Because Angular is a different framework, moving from AngularJS is closer to a rewrite than an upgrade - you cannot simply bump a version number. That said, it does not have to be a single big-bang effort. A common, lower-risk approach is incremental migration, running old and new code side by side and moving the application feature by feature, so the product keeps working throughout and the risk stays contained. The right path depends on the size of the app, how much business logic it holds, and how much of the UI you want to modernise along the way.

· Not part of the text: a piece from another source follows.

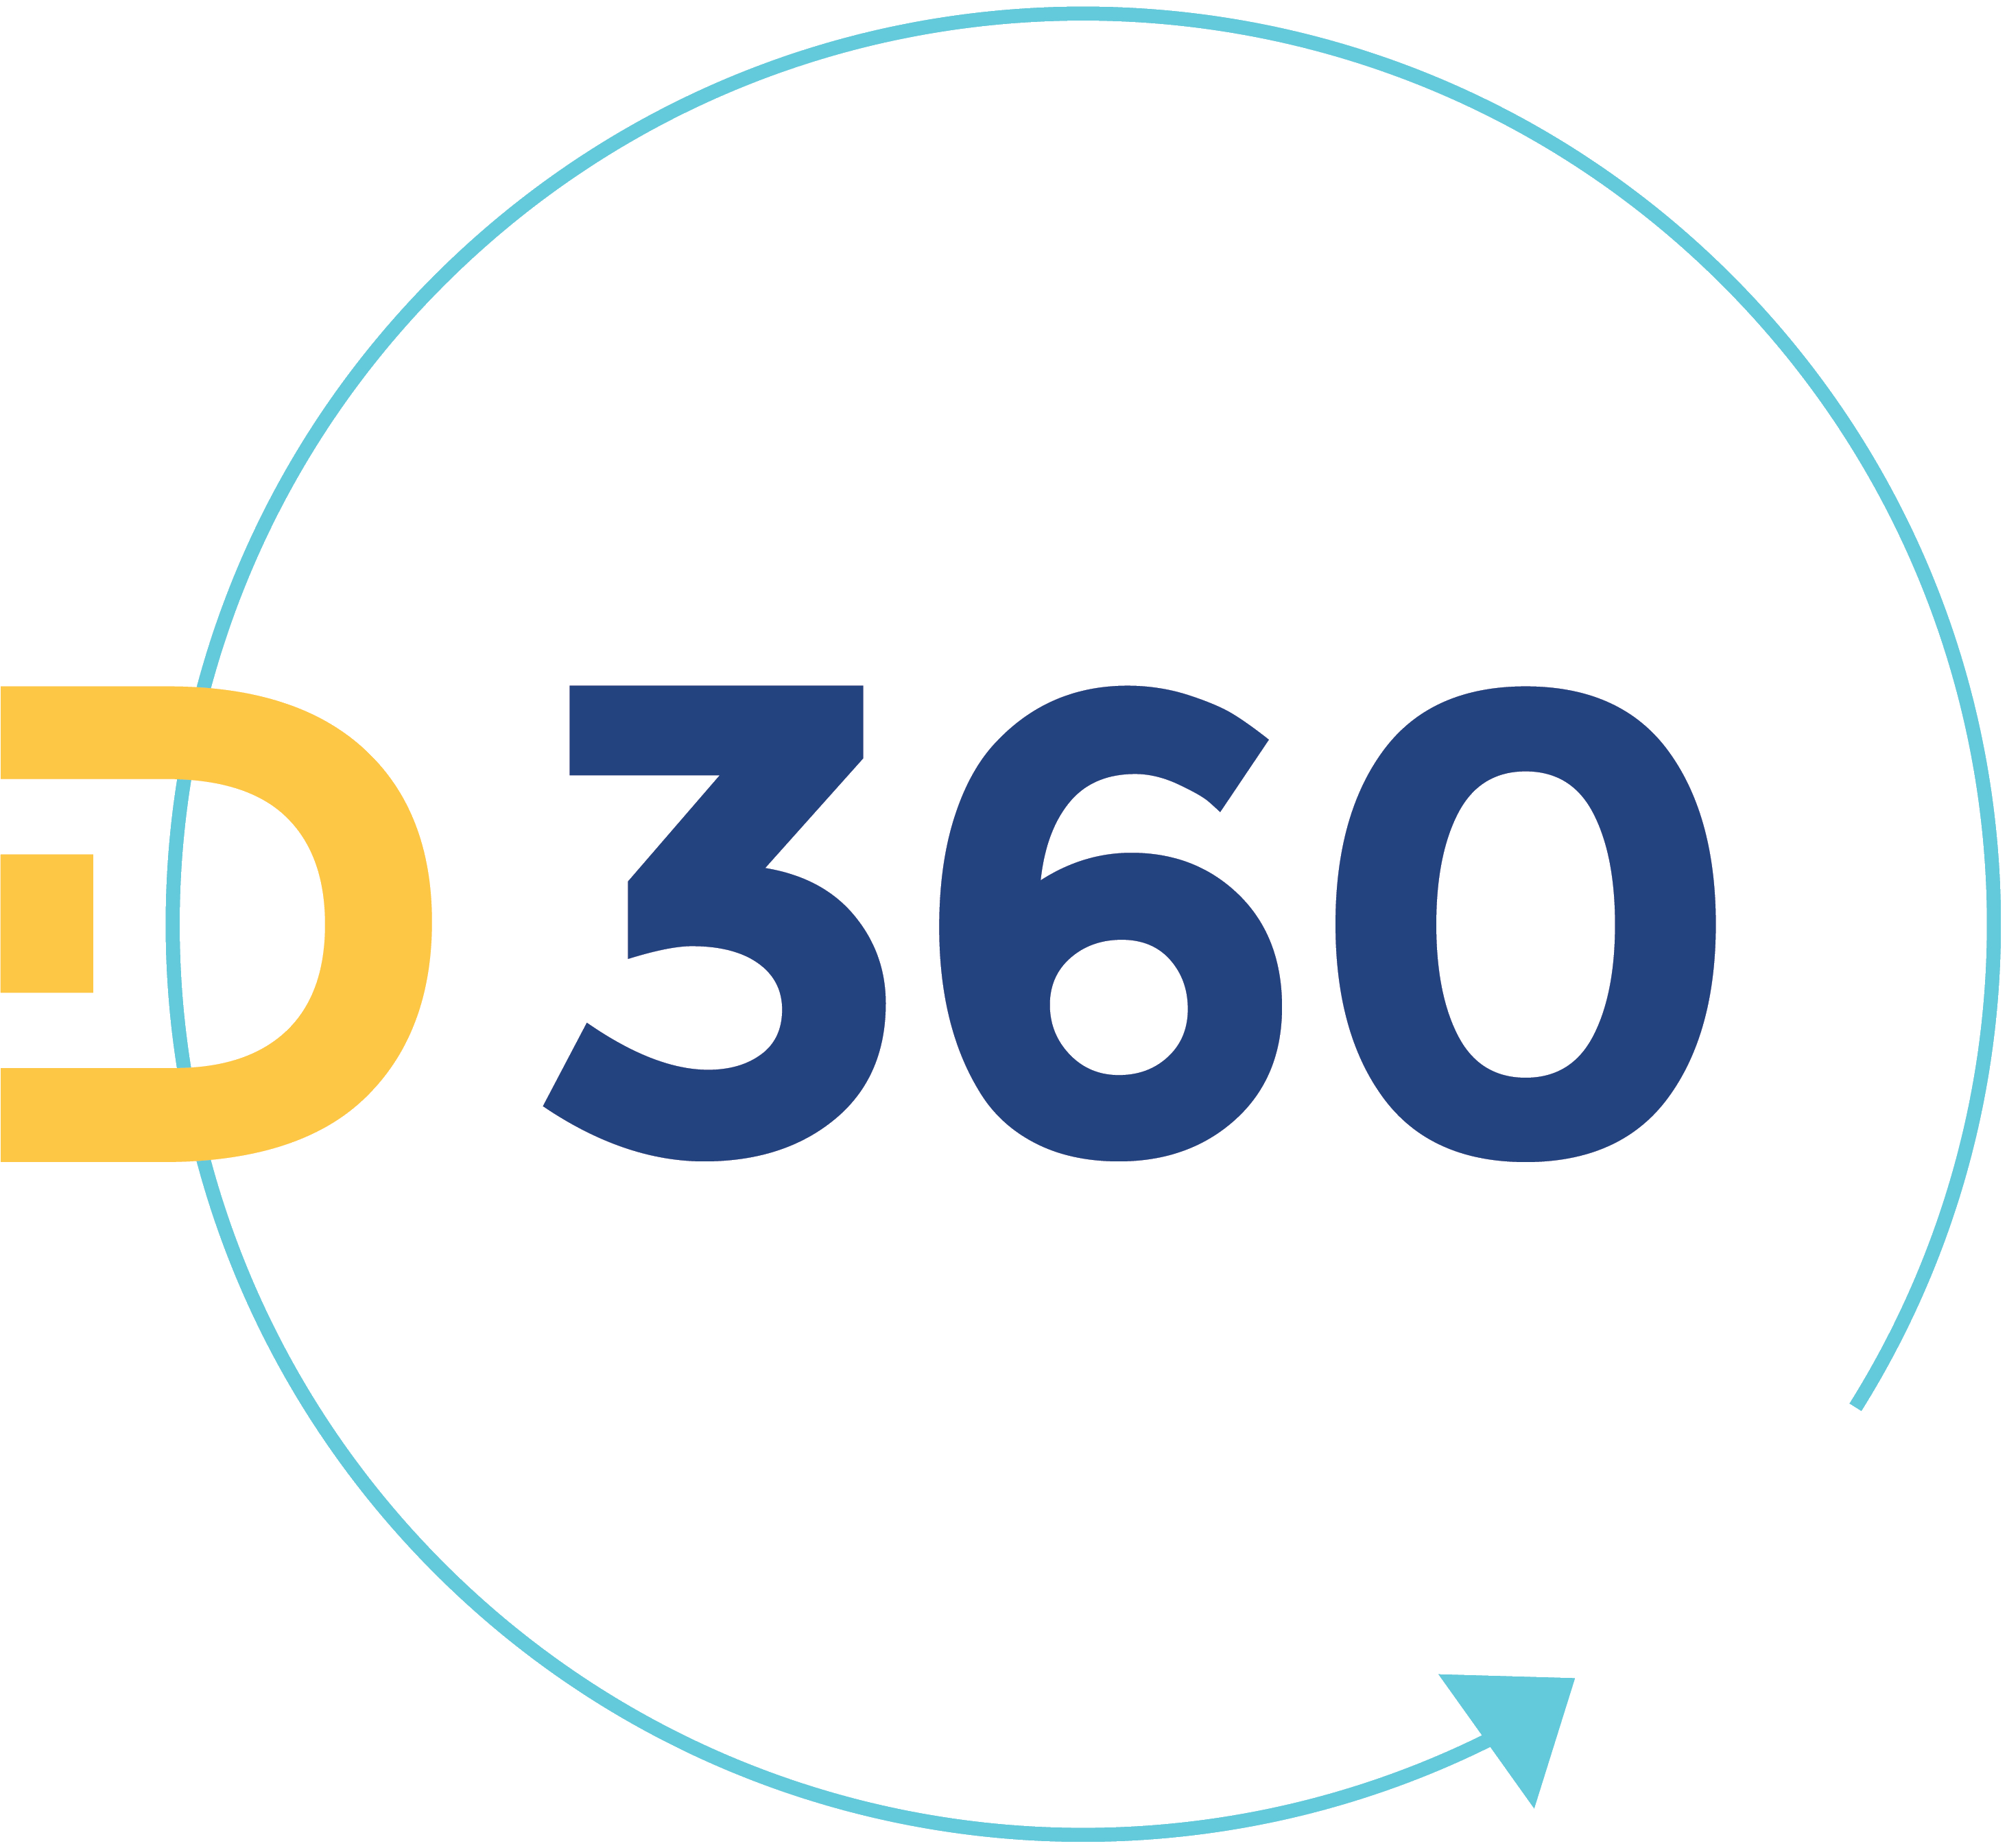 D360 logo transparent
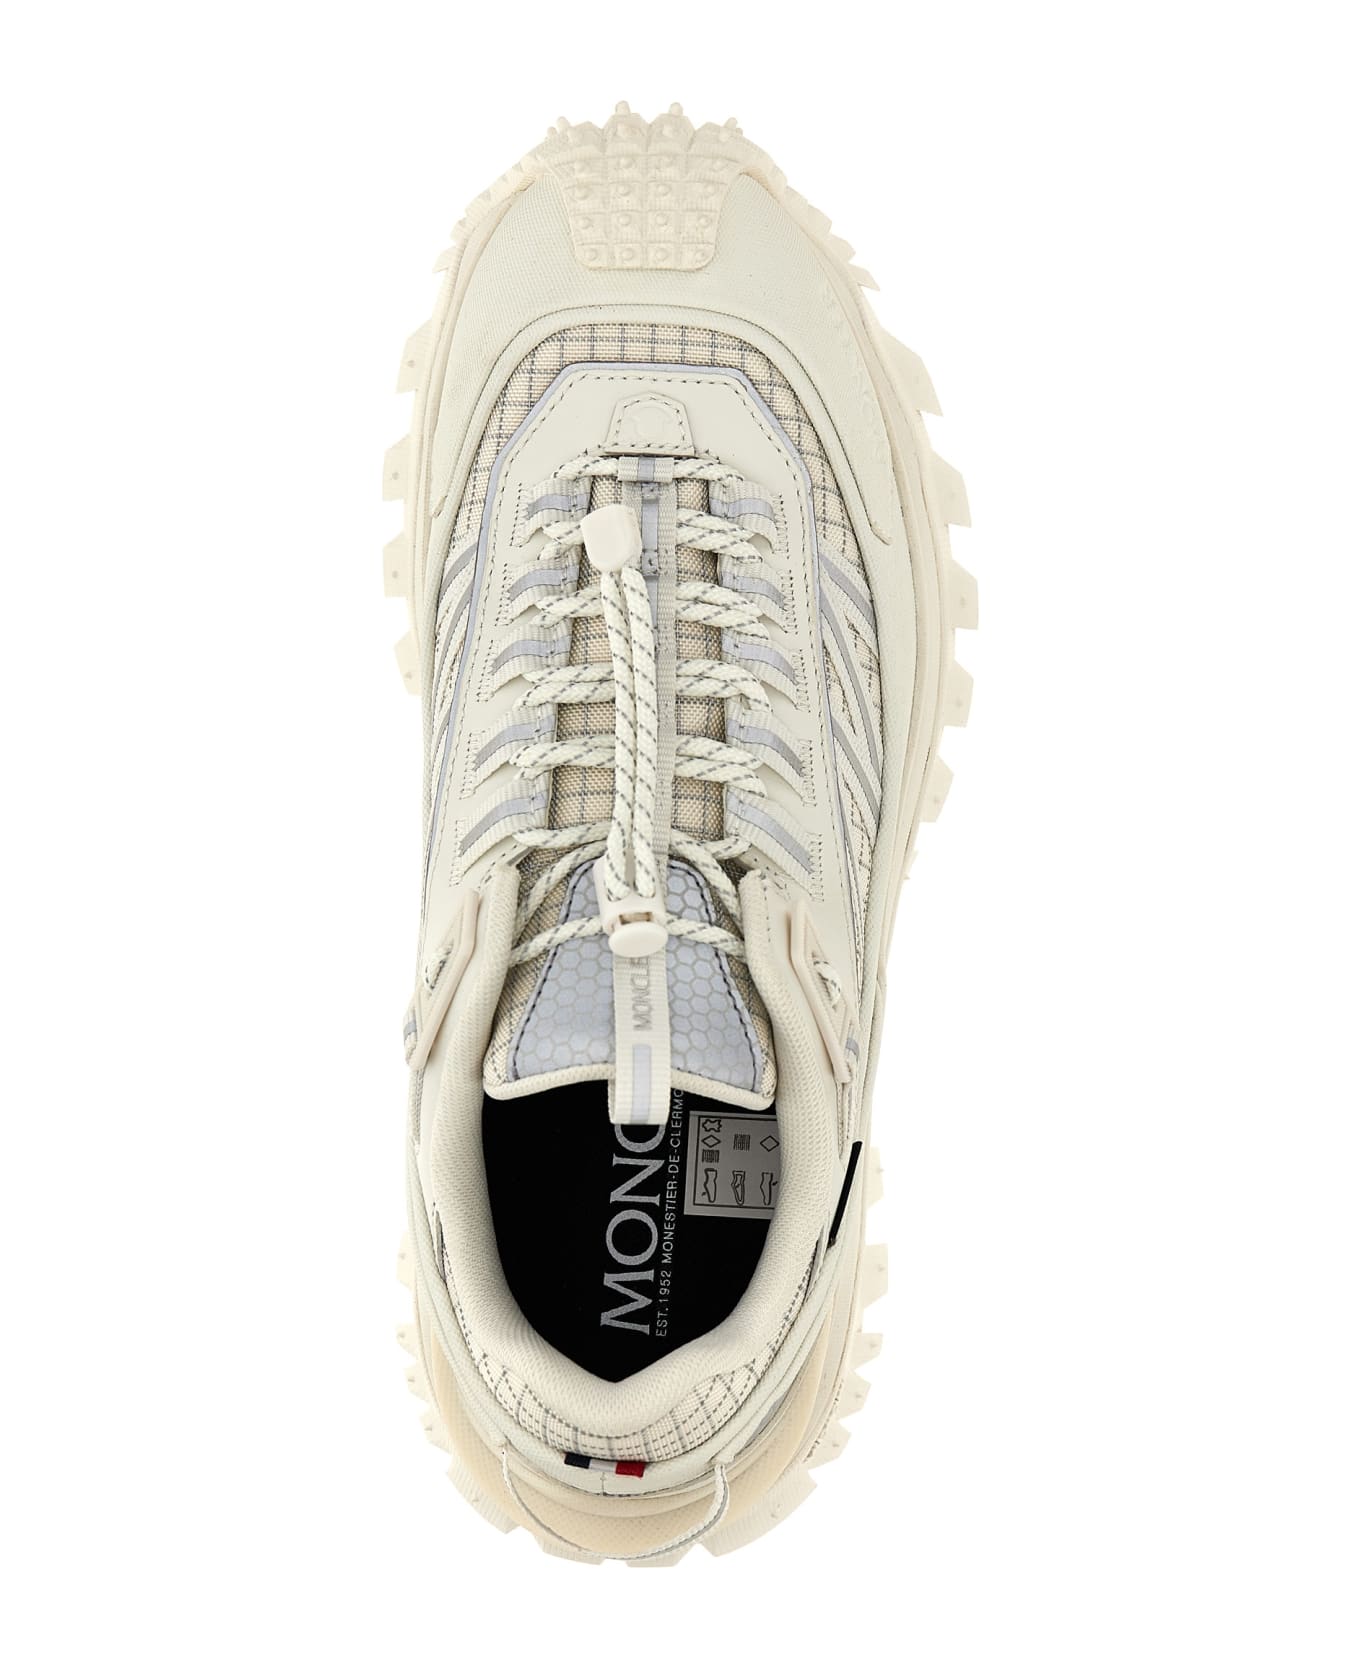 Moncler 'trailgrip Gtx' Sneakers - White

Sitting on an AngularJS app?
We help teams plan and carry out AngularJS-to-Angular migrations without freezing the product - assessing the codebase, choosing an incremental or full-rewrite path, and doing the work. Tell us what you are running.
So what should you do?
The decision is simple once the framing is right. If you are still on AngularJS, treat migration as a matter of when, not if, and start planning before a security issue or a hiring squeeze forces your hand - our web development and custom software teams can help scope it. If you are choosing a framework for something new, never build on AngularJS; use modern Angular, or another current framework that fits your team. And if you just need people who know the modern stack, you can hire Angular developers rather than stretching a legacy team.
Frequently asked questions
Are Angular and AngularJS the same thing?
No. They share a name and origin but are different frameworks. AngularJS is the legacy 1.x line written in JavaScript; Angular (version 2 and later) is a complete rewrite built around TypeScript with a component-based architecture.
Is AngularJS still supported?
No. AngularJS has reached end-of-life and no longer receives updates or security patches from Google. Any remaining AngularJS app is running on unmaintained code, which is a growing security and maintenance risk.
Can I upgrade AngularJS to Angular with a version bump?
No. Because Angular is a separate framework, moving from AngularJS is closer to a rewrite than an upgrade. Many teams do it incrementally, running old and new code together and migrating feature by feature to keep the product working.
Should I start a new project on AngularJS?
No. Starting new work on an end-of-life framework means building on code that will never be patched again. For new projects, use modern Angular or another actively supported framework that suits your team.
Why does modern Angular use TypeScript?
TypeScript adds static typing on top of JavaScript, which catches many errors before the app runs and makes large codebases easier to maintain. Modern Angular is built around it, which is a big part of why it scales better than AngularJS.